C2 was implemented first in the time-domain [9] and then later in the frequency-domain [17] which can have advantages such as faster acquisition time and higher dynamic range. Previously, a frequency-domain C2 system was implemented which analysed a single polarization at the output of the fibre [17]. The modes which propagate in optical fibres, particularly in the presence of mode coupling, are in general not linearly polarized. Rather they are vector modes with spatially-dependent polarization states. Hence in order to fully characterize a fiber’s output beam, it is necessary to also include polarization information. Polarization-resolved C2 imaging has previously been demonstrated in the time-domain [10].
In this paper we extend frequency-domain C2 to include full polarization-resolved measurements. We demonstrate this technique to characterize the modal properties of a hollow core photonic band-gap fibre (HC-PBGF) [13,15,18,19]. This air-guidance mechanism of this fiber type is attractive for its low nonlinearity, low latency and potentially low loss [18]. The large design parameter space of the fiber also allows the modal and spectral properties of the fiber to be tailored in a way which is impossible for traditional solid core fibers and in combination with its difficult manufacture process makes it a good test case for new fiber characterization techniques [13,15].
2. Experimental setup
The experimental setup is illustrated in Fig. 1(a). The principle of C2 imaging is similar to that of Optical Coherence Tomography [20,21] (OCT) in biomedical imaging. Both techniques measure a sequence of images corresponding with different delays as illustrated conceptually in Fig. 1(b). For OCT, this represents different depths into the sample being measured and for C2 these represent different propagation delays which in turn correspond with different modes of the fiber-under-test. The system of Fig. 1(a) consists of a Luna Technologies OVA-5000 swept-wavelength interferometer (SWI) which is attached to SLM systems at either end of the hollow-core photonic bandgap fiber. The SWI measures 32768 wavelength points in the C-band (1525-1566.7nm) and performs the initial data processing internally, outputting wavelength-dependent Jones matrices.
Fig. 1 (a) Experimental setup. (b) Illustration of C2 imaging data set, consisting of x vs. y vs. time datacube for both output polarizations. (c-d) Examples of the spatially-dependent polarization states of two different delay times, corresponding to LP1,1 and LP2,1-like modes.
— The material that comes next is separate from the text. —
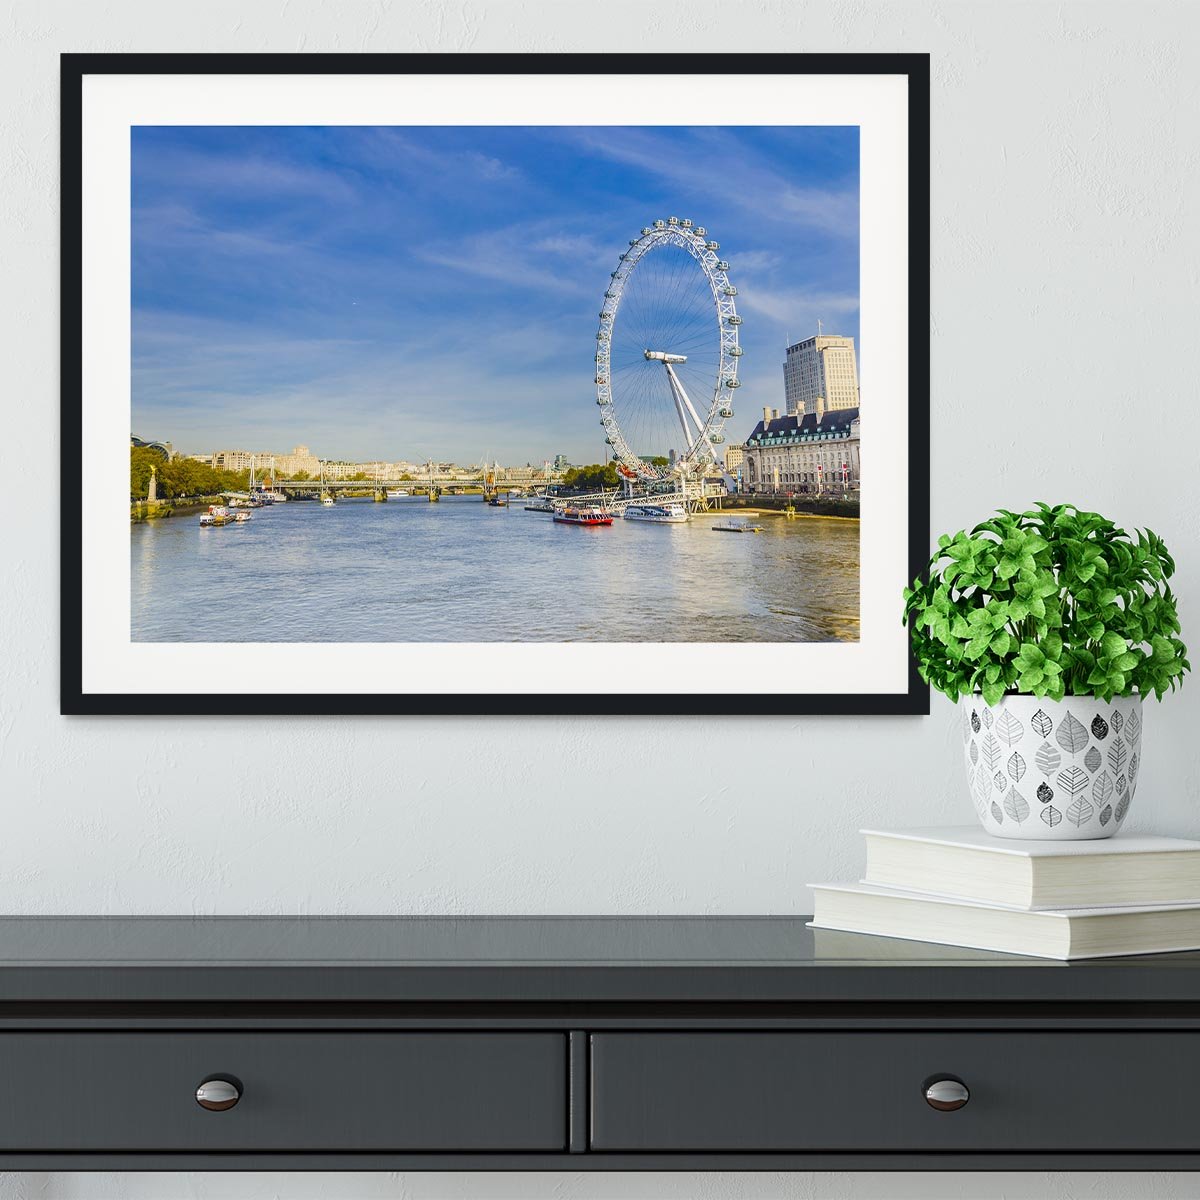 morning with London eye millennium wheel Framed Print - Canvas Art Rocks - 1

The SLM at the input of the fiber can be used to generate arbitrary launch conditions for characterization, while the SLM at the output in this case is simply performing the function of an x-y translation stage in traditional S2 imaging [14] by rastering a 4.16μm mode-field diameter (MFD) Gaussian sampling spot across the output facet of the fiber-under-test. As for S2 imaging, an alternative to rastering would be the use of a polarization-diverse imaging system with a camera. The specifics of which approach is faster will depend on the camera’s frame rate, laser sweep rate and the SLM frame rate or mechanical update rate of the raster stage. For the most common use cases, a camera based approach would be quicker as it allows more spatial information to be acquired in parallel. A raster scanning approach can be faster if the measurement requires many wavelength points but few modes. Raster scanning can offer superior dynamic range and noise as a single mode detector will typically have better performance than a camera. Cameras may also be prohibitively expensive or difficult to obtain for certain wavelengths. The principles of the system shown in Fig. 1(a) can be applied to other fiber types and wavelength bands, with the most appropriate choice for implementing each aspect dependent on the measurement requirements and equipment availability.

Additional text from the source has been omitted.